• _About this task_
Wherever a picture appears, skip it and retype the rest of the data exactly.

------ Data segment

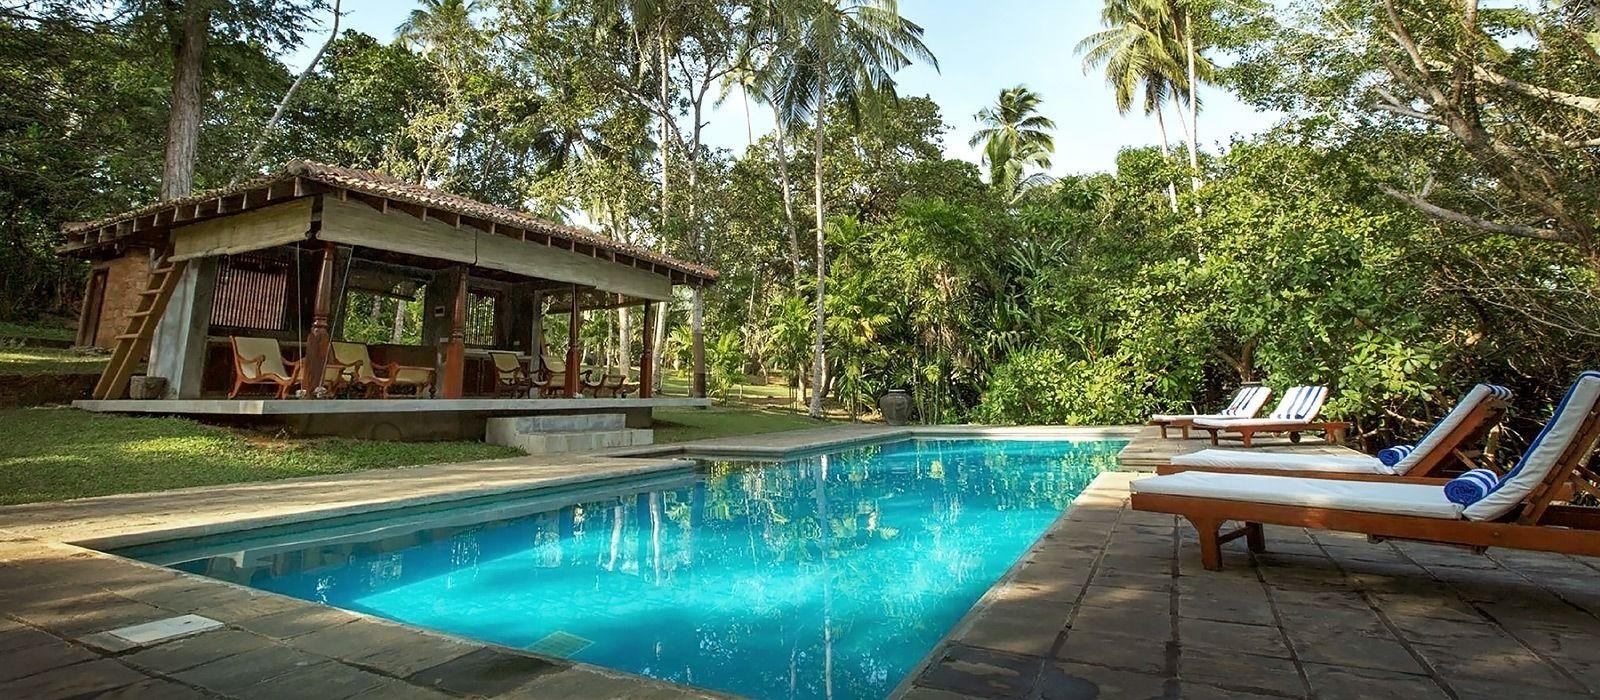 Destination Balapitiya Sri Lanka
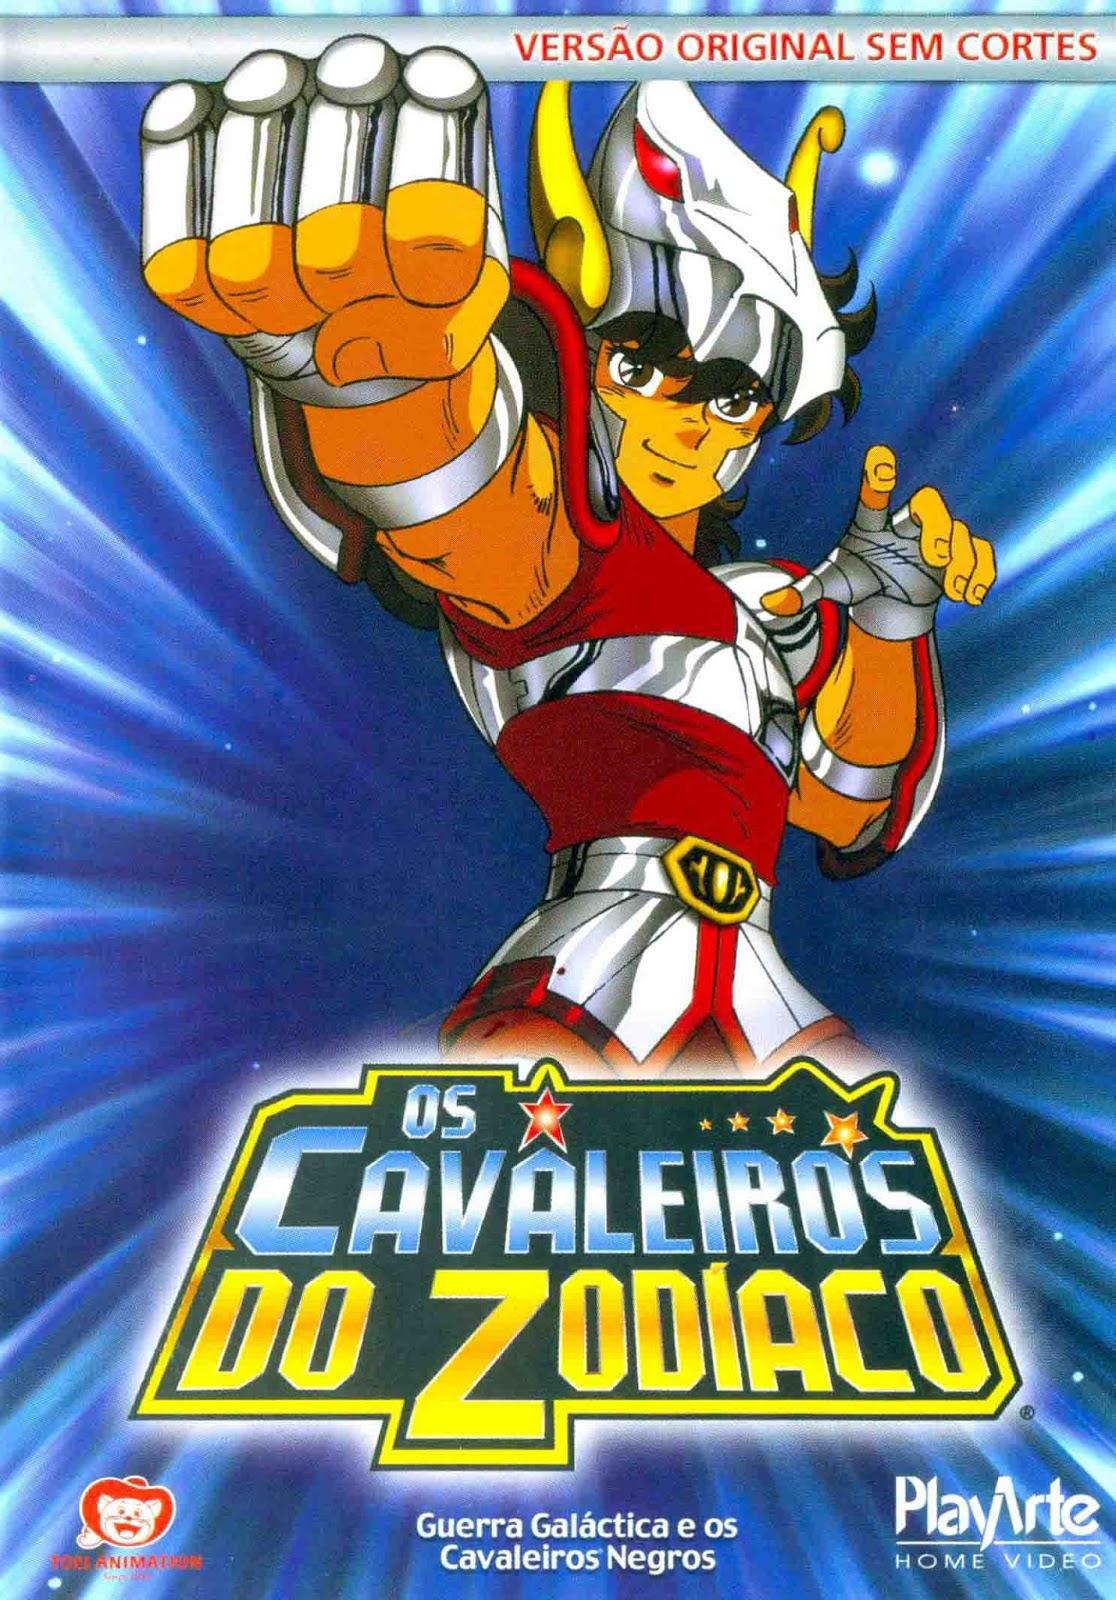 Os Cavaleiros do Zodíaco: Saga Torneio Galáctico Torrent – BluRay 1080p Dual Áudio (1986-1989)
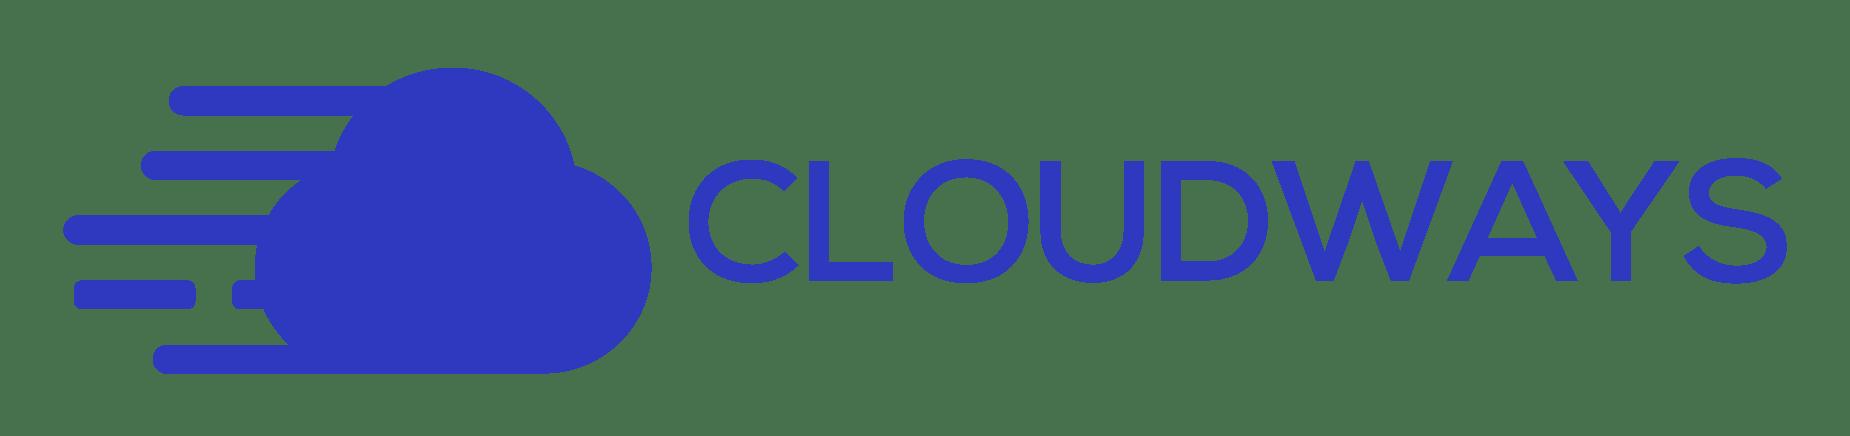 Cloudways Logo WPism coupon

------------

• _Expected output_
 Destination Balapitiya Sri Lanka
 Os Cavaleiros do Zodíaco: Saga Torneio Galáctico Torrent – BluRay 1080p Dual Áudio (1986-1989)
 Cloudways Logo WPism coupon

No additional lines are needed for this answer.